3. H. militaris, Cav. (HALBERT-LEAVED MALLOW.) Smooth throughout; lower leaves ovate-heart-shaped, toothed, 3-lobed; upper leaves halbert-form, the short lateral lobes spreading at the base, the middle one prolonged and tape-pointed; peduncles slender; fruiting calyx inflated; seeds hairy. — River-banks, Penn. to Ohio. Aug. — As tall as, but more slender and smaller-flowered, than the last: corolla pale rose-color.

4. H. Trionum, L. (BLADDER KETMIA.) Somewhat hairy; upper leaves deeply 3-parted, with lanceolate divisions, the middle one much the longest; fruiting calyx inflated, membranaceous, with bristly ribs, 5-winged at the summit; seeds rough. — Escaped from gardens, but scarcely naturalised. Corolla pale greenish-yellow with a purple eye, ephemeral; hence the name Flower-of-an-hour.

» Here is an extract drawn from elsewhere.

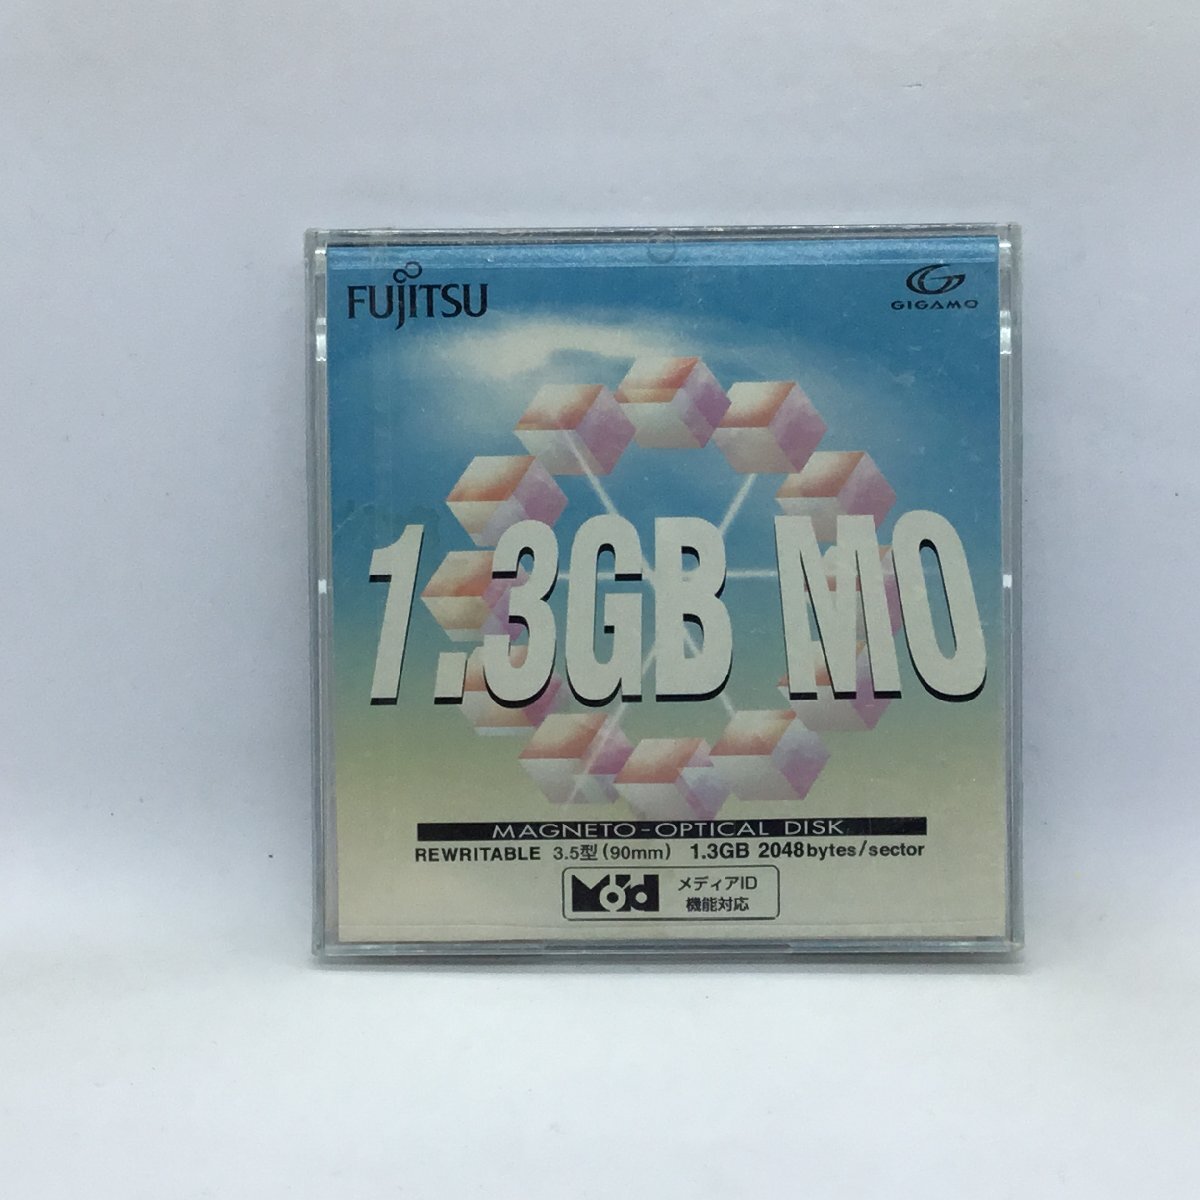  нераспечатанный * Fujitsu FUJITSU MO диск картридж 1.3GB MR13G 0243810 (MO)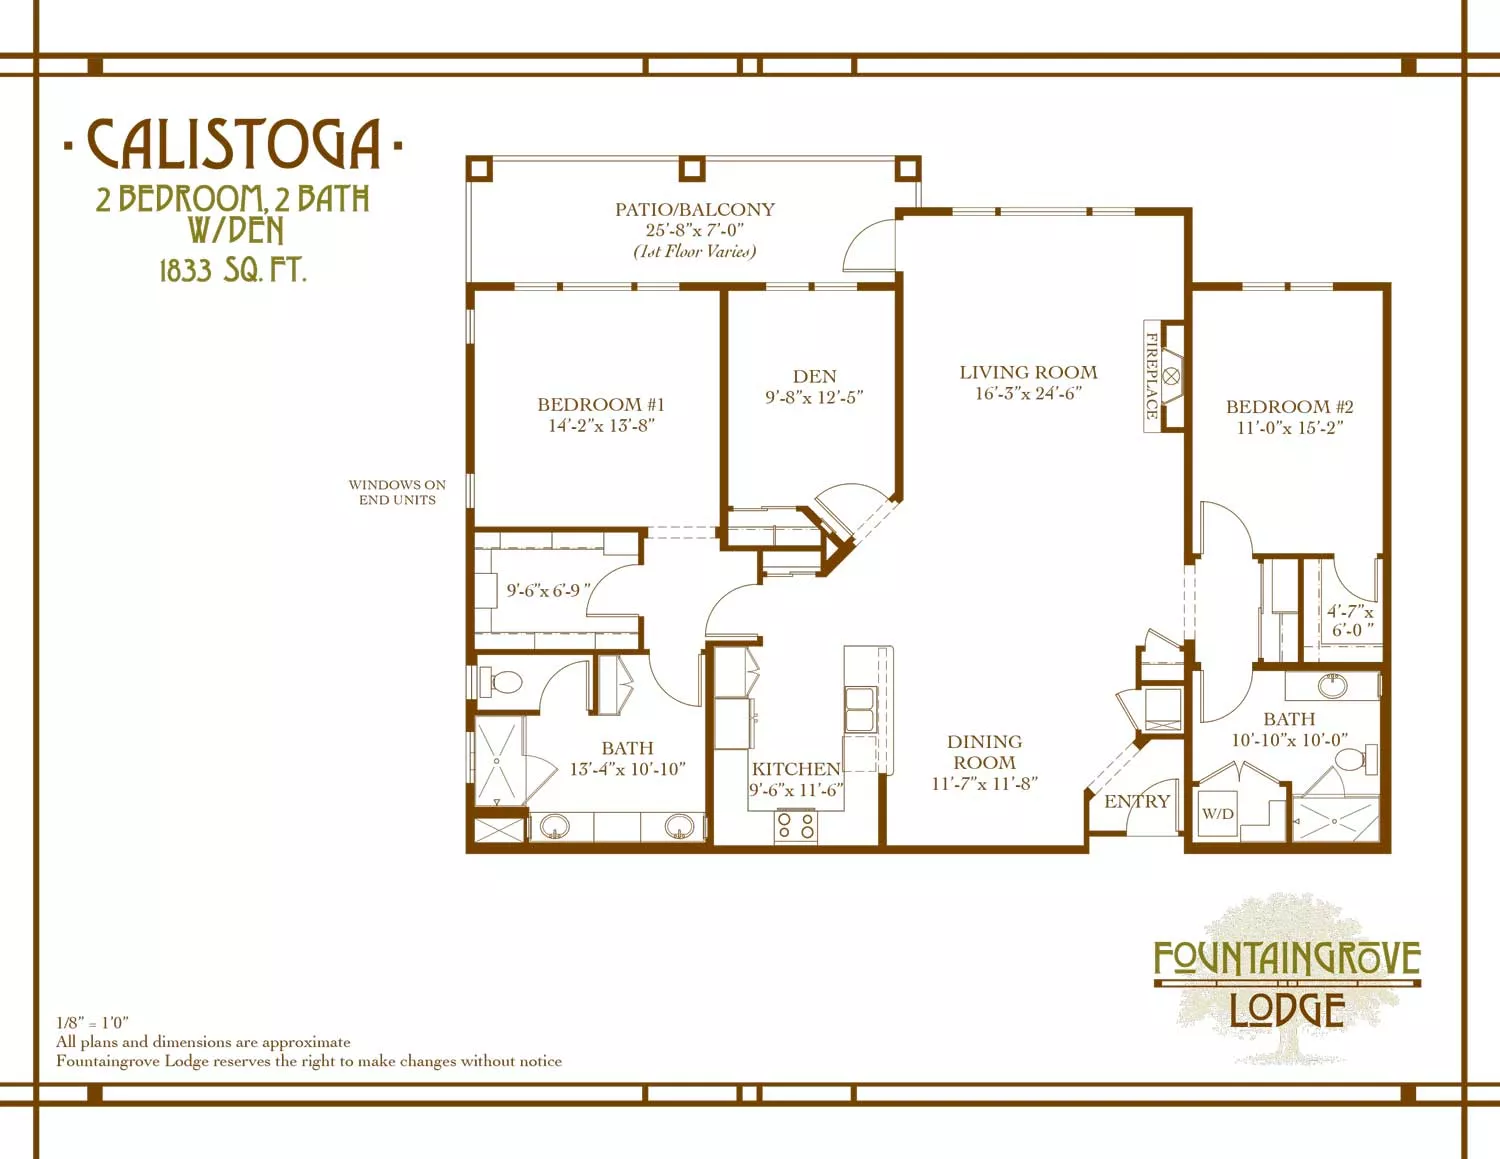 Calistoga two bedroom and two bath floor plan

H. syriacus, the Shrubby Althæa of the old gardeners, is cultivated about houses.

H. esculentus (the OKRA), belonging to the section ABELMOSCHUS, Medic. (in which the leaves of the involucel are deciduous, and the membranaceous inflated calyx splits open on one side), is common in gardens, especially southward.

[1] Publications prior to the 1753 edition of Linnaeus's Species Plantarum as not considered for the purpose of ascertaining priority in botanical nomenclature; consequently the accepted authors for Abutilon and Napaea are Miller and Linnaeus, rather than Tournefort and Clayton.
[2] Correctly known as Sida hermaphrodita Rusby
[3] Malva triangulata Leavenworth is now placed in Callirhoe.
[4] It is now more usual to reduce A. ficifolia to A. rosea, and to place them in the additional genus Alcea.
[5] Section Kosteletzkya is now granted generic rank, and H. virginicus renamed Kosteletzkya virginica.
[6] H. moscheutos and H. militaris are now placed in section Muenchusia, and H. trionum in section Trionum; H. syriacus remains in section Hibiscus.